§ Directions
Pictures are to be left out, and only the lines below starting at the one with "Research on the" and ending at the one with "Rohan Ramchandani (center), former" are to be reproduced, each exactly, both ends included.

§ Supplied data
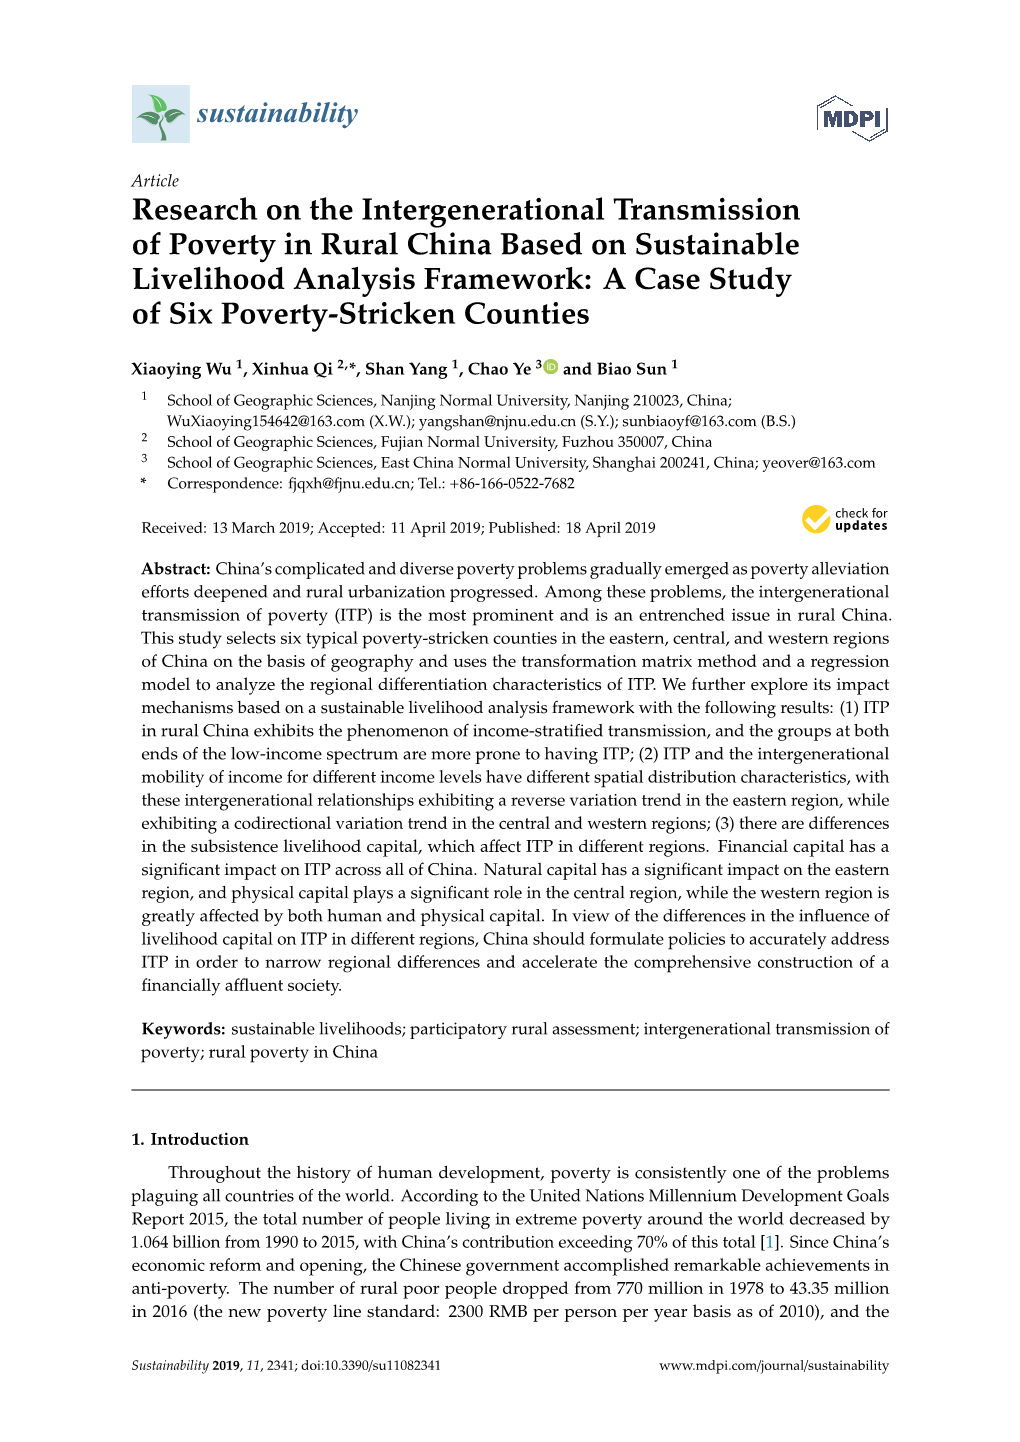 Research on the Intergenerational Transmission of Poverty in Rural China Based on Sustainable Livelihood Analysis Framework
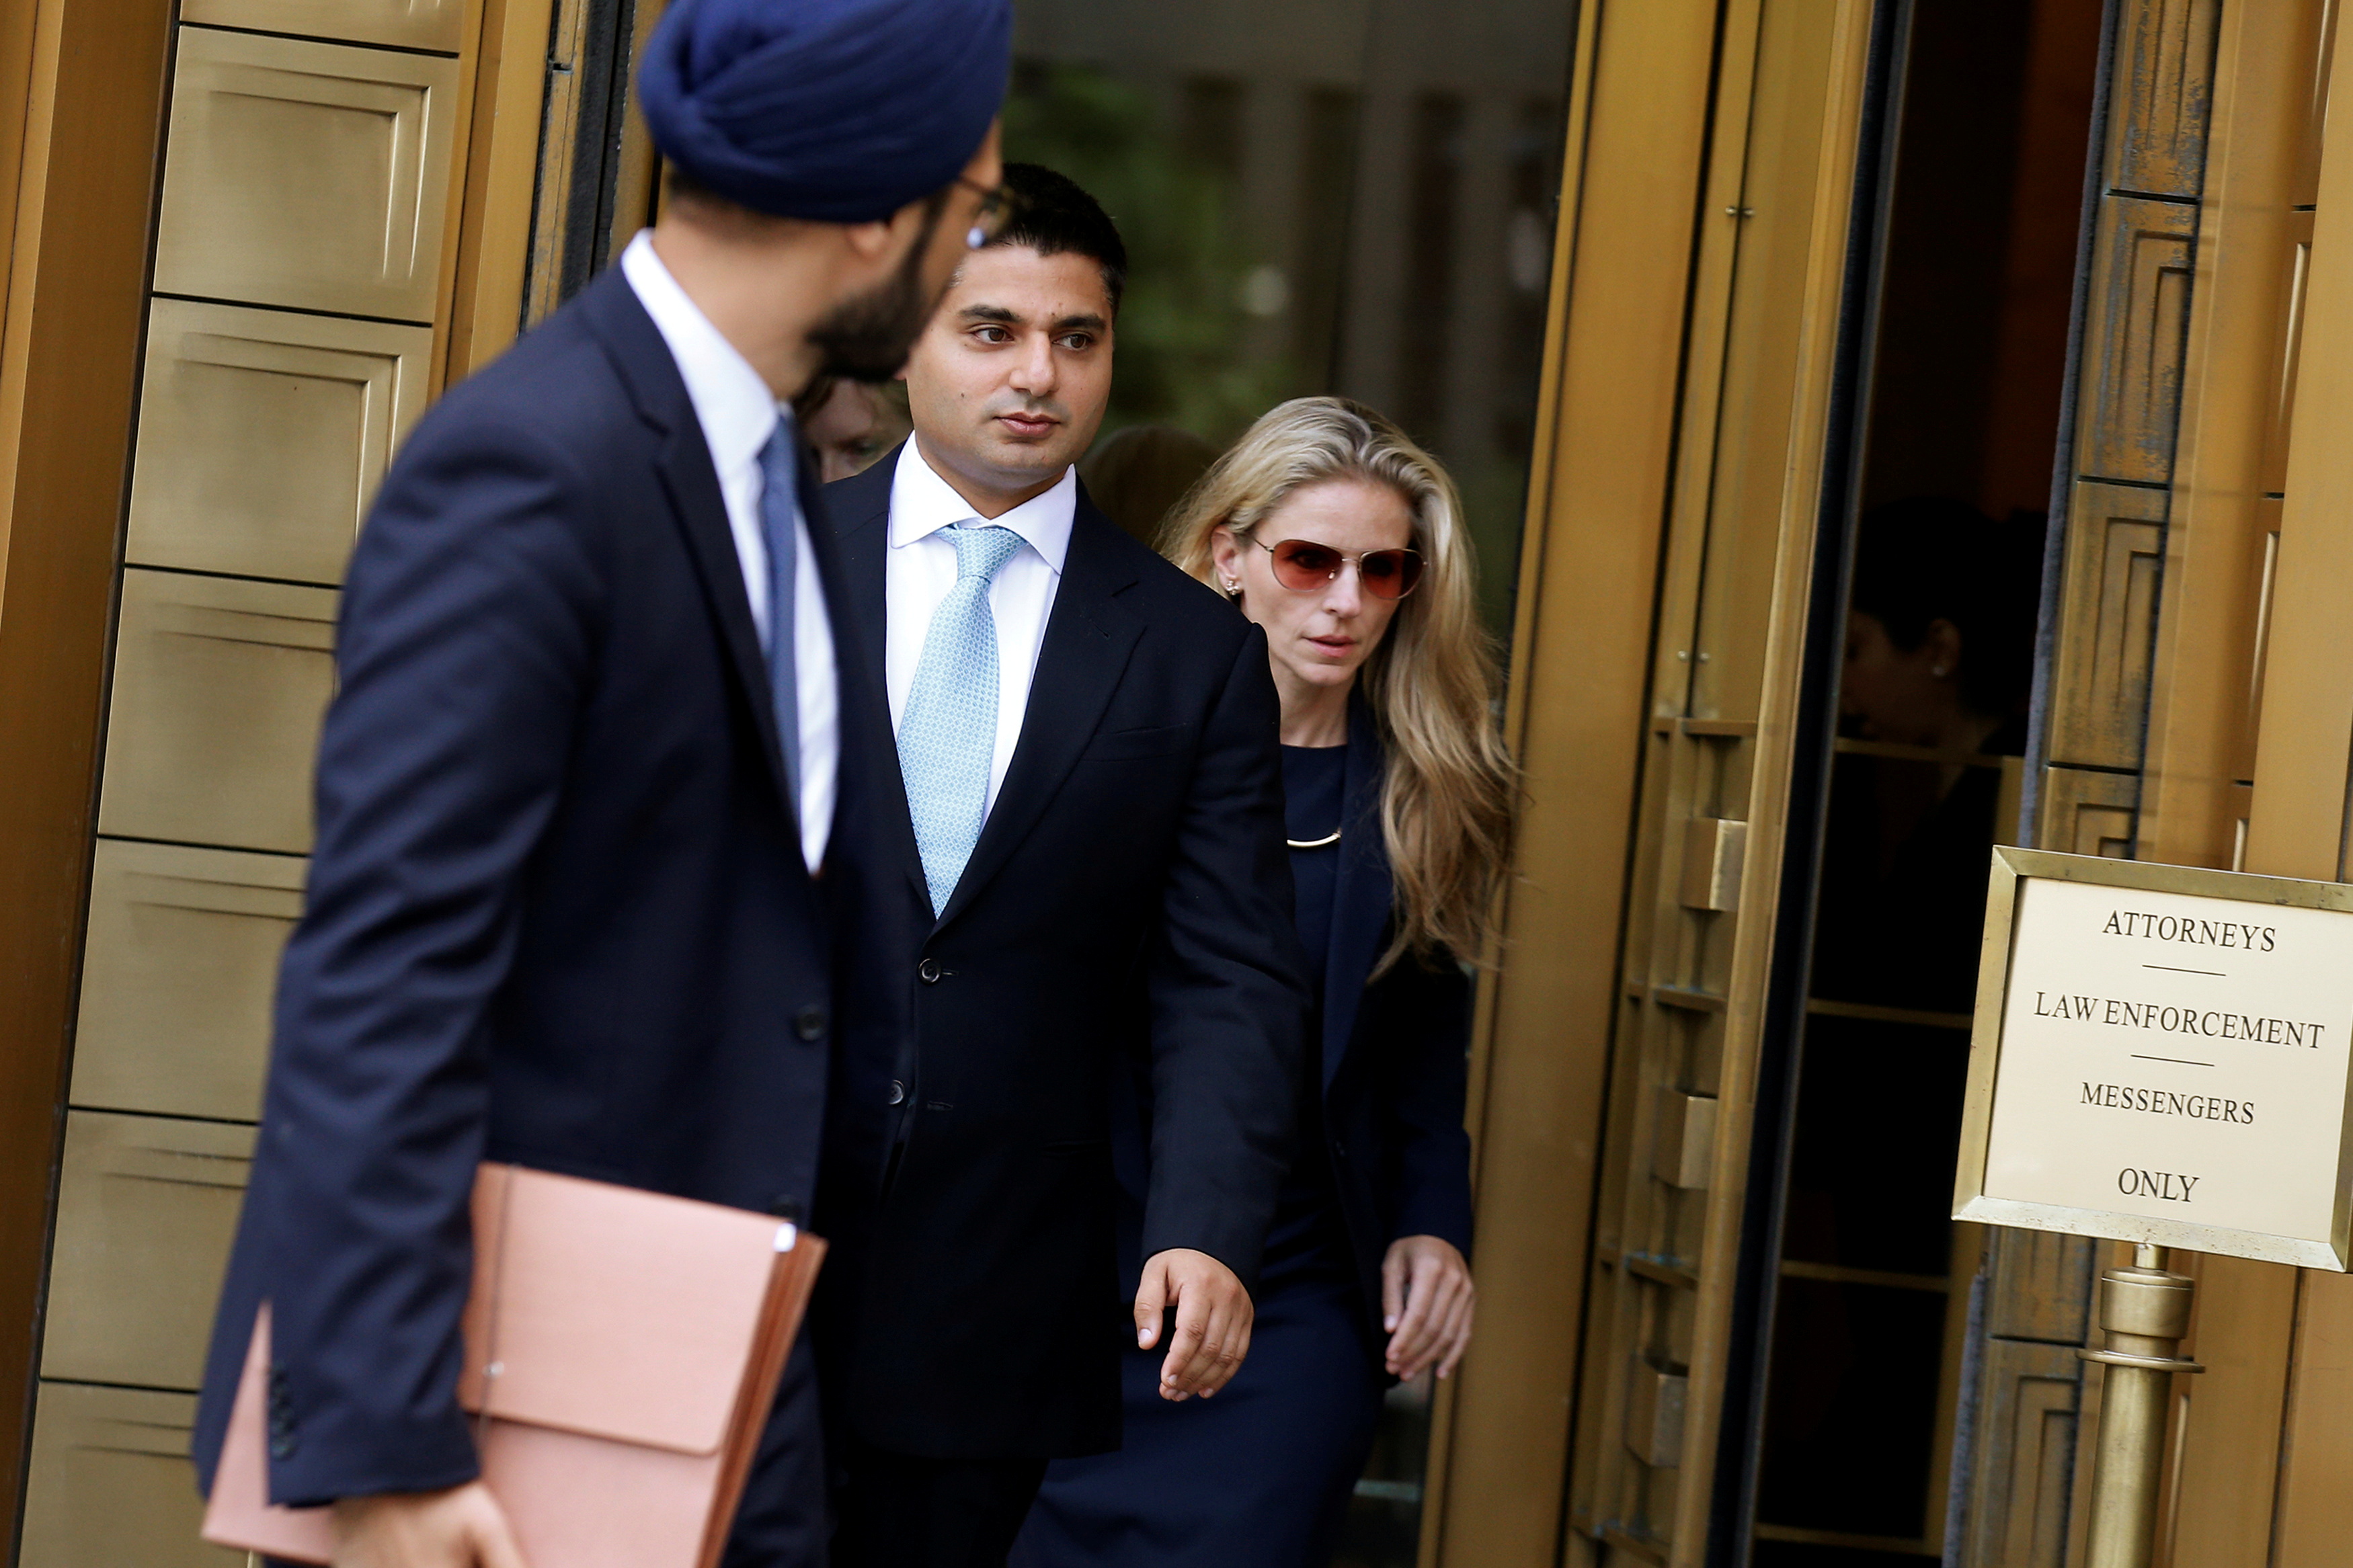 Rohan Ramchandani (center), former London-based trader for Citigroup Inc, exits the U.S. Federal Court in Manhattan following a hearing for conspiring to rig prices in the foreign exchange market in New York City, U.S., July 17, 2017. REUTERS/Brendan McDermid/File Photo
==
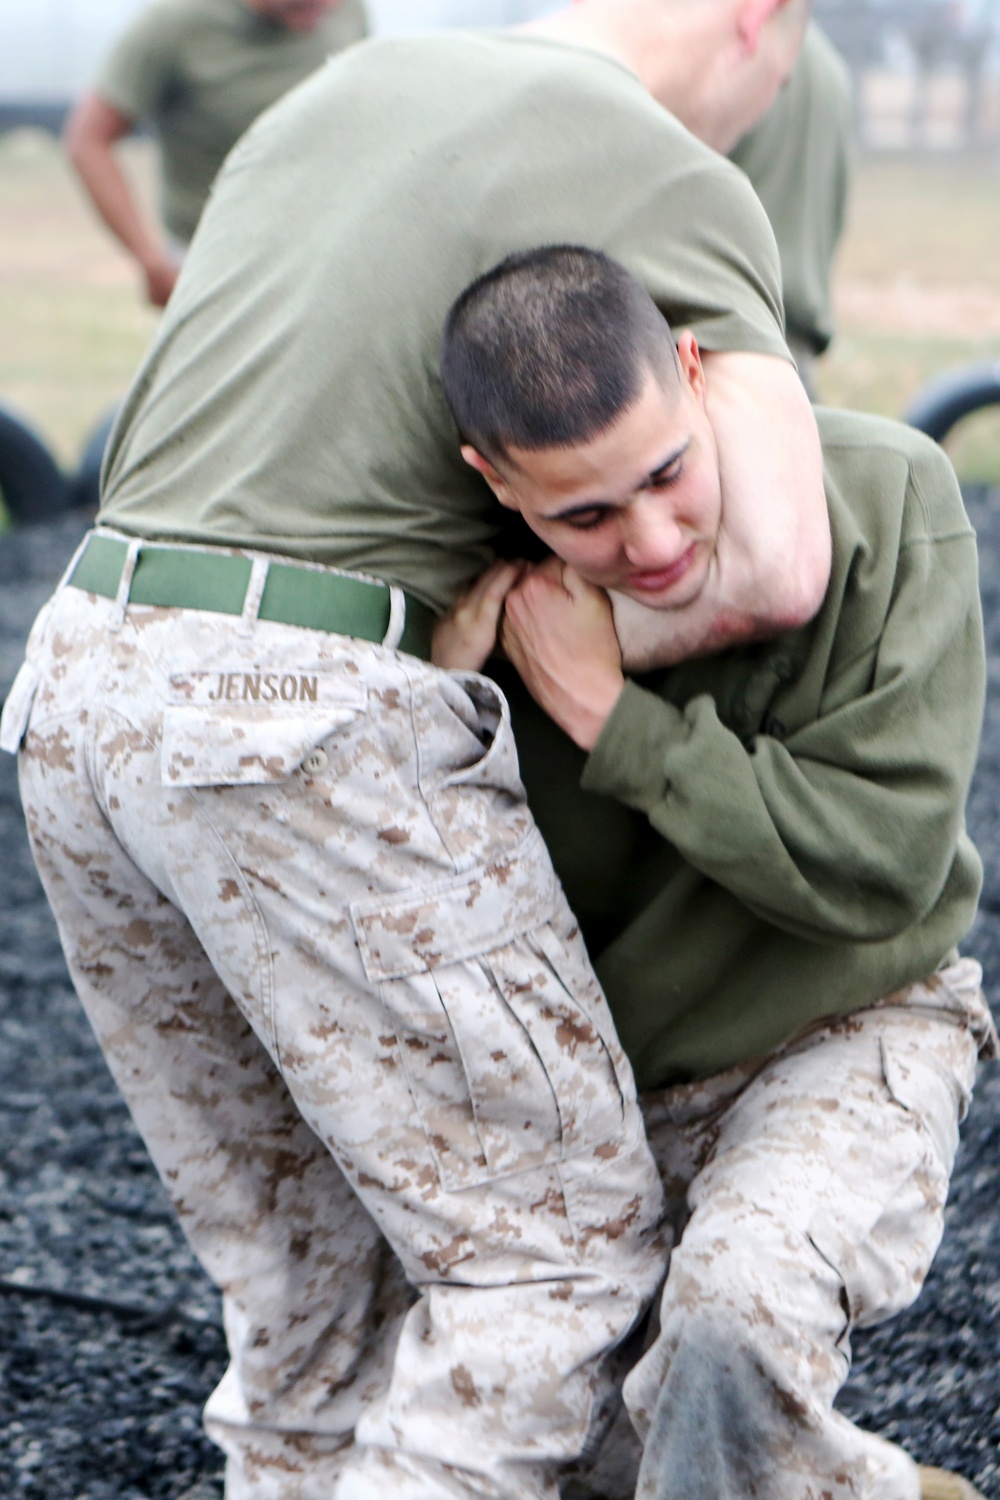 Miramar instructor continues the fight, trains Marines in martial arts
==
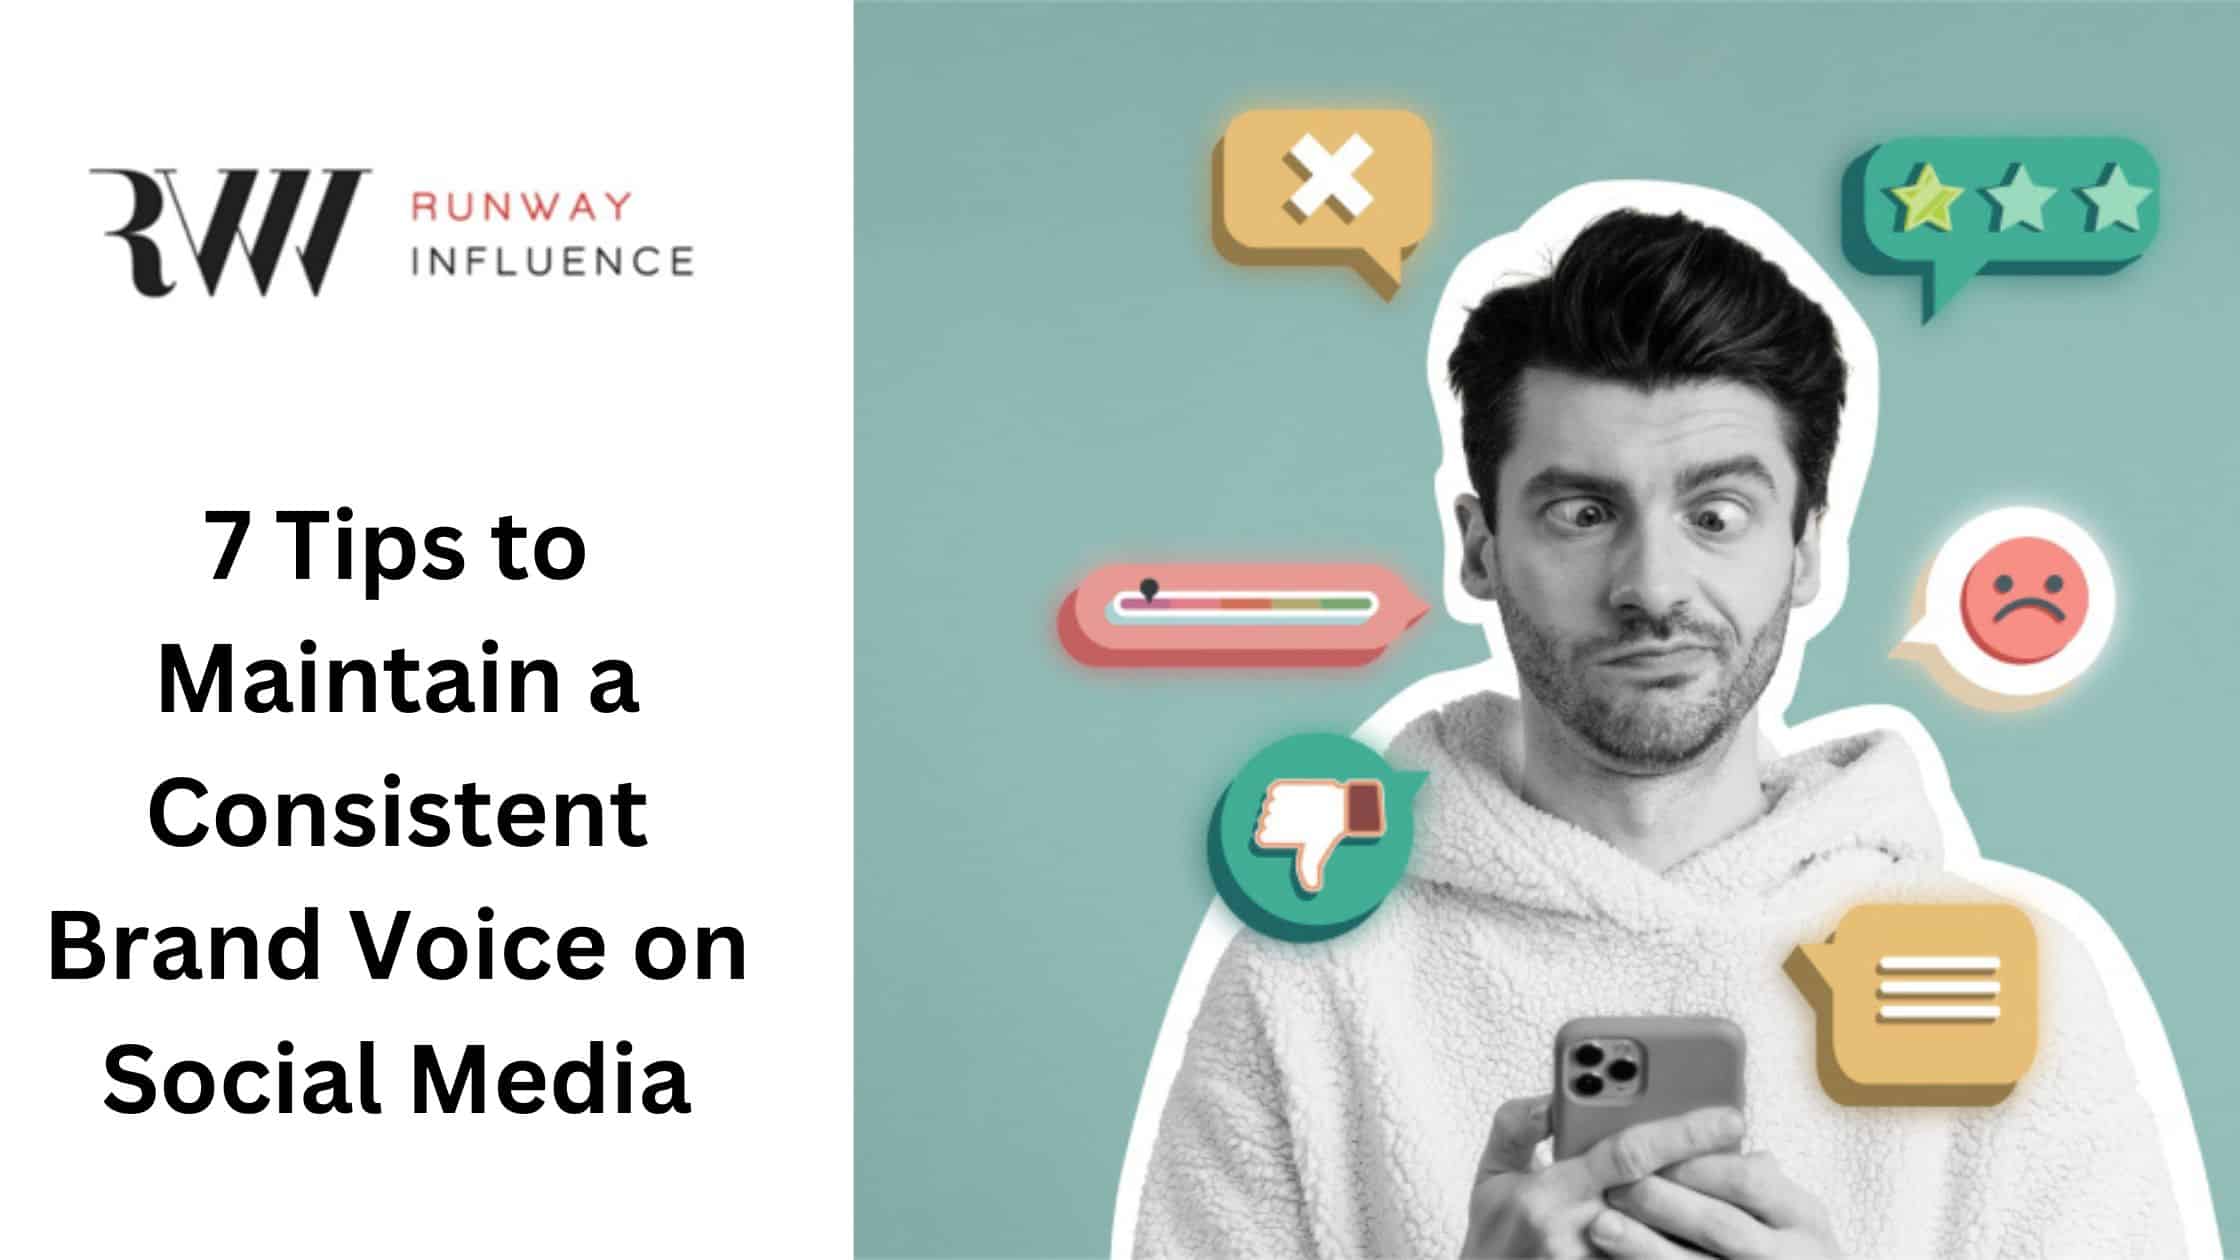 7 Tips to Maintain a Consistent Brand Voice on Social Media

§ Exercise solution
 Research on the Intergenerational Transmission of Poverty in Rural China Based on Sustainable Livelihood Analysis Framework
 Rohan Ramchandani (center), former London-based trader for Citigroup Inc, exits the U.S. Federal Court in Manhattan following a hearing for conspiring to rig prices in the foreign exchange market in New York City, U.S., July 17, 2017. REUTERS/Brendan McDermid/File Photo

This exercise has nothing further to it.